Periodo: dal 01/04/2017 al 30/04/2017

Titolo del progetto:
STAGE ESTERNO PRESSO “GRUPPO DELLA TRASGRESSIONE”

Caratteristiche generali dell’attività svolta: istituzione/organizzazione o unità operativa in cui si svolge l’attività, ambito operativo, approccio teorico/pratico di riferimento

Ho svolto il mio tirocinio presso il Gruppo della Trasgressione, un’associazione e cooperativa assolutamente innovativa e fuori dagli schemi ideata vent’anni fa dal dott. Angelo Aparo, psicoterapeuta che da quasi quarant’anni lavora all’interno delle carceri milanesi. Le attività del Gruppo sono molto variegate, ma tutte finalizzate al coinvolgimento ad un pari livello di detenuti, studenti universitari, adolescenti e liberi cittadini. Il Gruppo opera con le persone che vi partecipano, indipendentemente da età, status di detenuto o provenienza sociale, studiando e interrogandosi su tutto ciò che attiene alla sfera umana e relazionale, dal rapporto con le autorità al dialogo con se stessi, dal rispetto per gli altri al riconoscimento delle proprie fragilità, dal pericolo di cadere nella mediocrità all’importanza della relazione e tanto altro ancora.

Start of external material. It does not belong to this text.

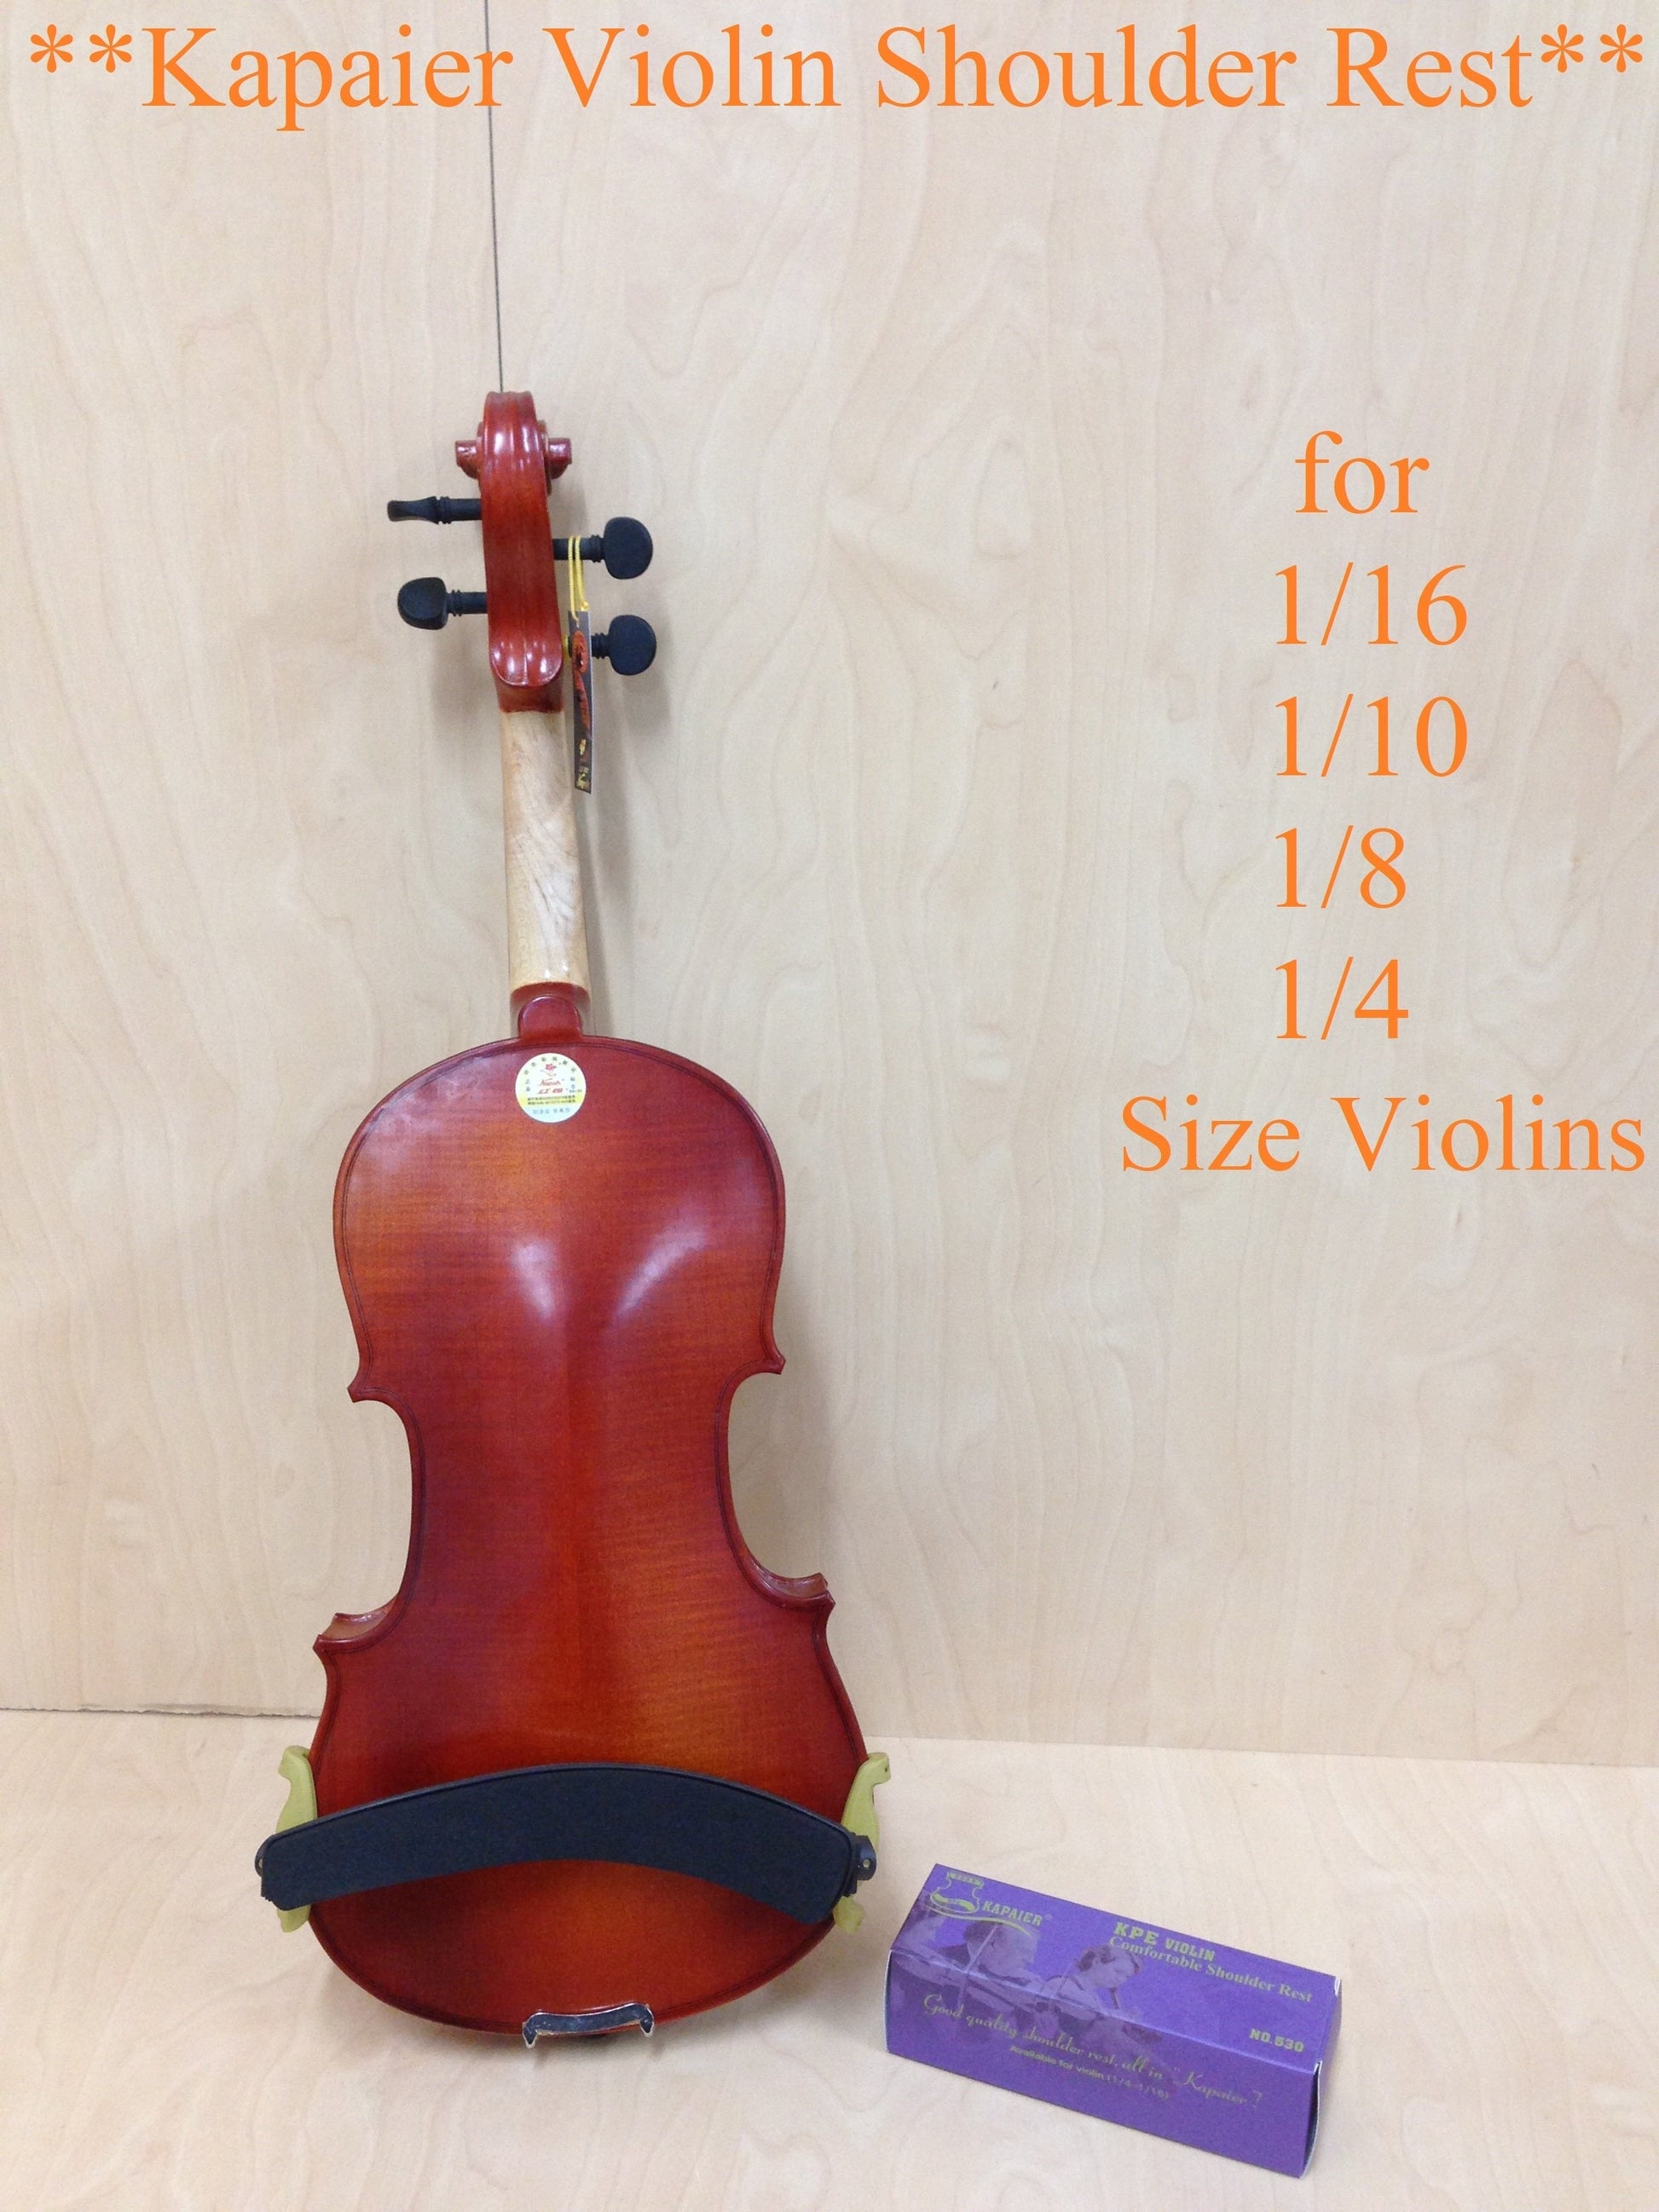 Kapaier KPE530 Violin Shoulder Rest Adjustable For  1/16 ~ 1/4 Size Kun Style with Rosin

Non so se il dott. Aparo abbia una corrente psicologica di riferimento, ma se dovessi definire l’approccio teorico/pratico adottato nel corso delle attività sicuramente lo etichetterei come “apariano” e niente di più. A chi non conoscesse il suddetto metodo lo spiegherei sintetizzandolo in tre parole: curiosità, arrovellamento e schiettezza, mentre per ulteriori dettagli suggerirei di partecipare in prima persona, perché solo così si può capire davvero.

 

Descrizione dettagliata del tipo di ruolo e mansioni svolte

Il ruolo richiesto a noi studenti è (tutt’altro che semplicemente) quello di partecipare ad ogni attività, quale che essa sia, dando il nostro personale contributo, cercando di metterci in gioco il più possibile e avendo il coraggio di mettere a nudo le nostre fragilità davanti agli altri membri del gruppo. Quest’ultimo aspetto è forse quello che viene maggiormente incoraggiato, poiché, sebbene possa sembrare destabilizzante per la persona, nei fatti è ciò che ci fa sentire vivi e uniti gli uni agli altri: un aspetto che mi ha colpito fin da subito nei detenuti è proprio il valore che attribuiscono al riconoscimento delle loro fragilità più profonde, riconoscimento che li rende più degni di stare al mondo invece che indebolirli. Ecco, da questo sforzo non è esente nessuno di noi, ognuno deve impegnarsi a tirar fuori ciò che di più profondo possiede, perché così facendo arricchisce il gruppo ma soprattutto se stesso. In un’accezione più pratica invece potrei aggiungere che nel mio ruolo rientravano compiti quali la stesura di verbali relativi alle attività svolte e la gestione di una bancarella di frutta e verdura di cui parlerò qui di seguito.

 

Attività concrete/metodi/strumenti adottati

Le attività del Gruppo sono molto varie ed in continua evoluzione: alla base ci sono le discussioni che si svolgono tutte le settimane all’interno delle carceri di Opera e Bollate e in un ATS di Milano, momenti di studio, analisi e discussione di molte tematiche tra cui quelle prima citate. Sempre più consistenti e soddisfacenti stanno diventando inoltre le attività di prevenzione al bullismo e alla tossicodipendenza svolte nelle scuole, momenti in cui i detenuti insieme agli studenti offrono i racconti delle loro storie e crescite personali a ragazzi adolescenti che hanno già mostrato qualche segno di devianza, cercando di instaurare un sano rapporto di fiducia reciproca a due scopi: allontanare l’adolescente da un mondo che lo farebbe affondare e dare la possibilità al detenuto di ripagare in parte il danno commesso nei confronti del bene comune.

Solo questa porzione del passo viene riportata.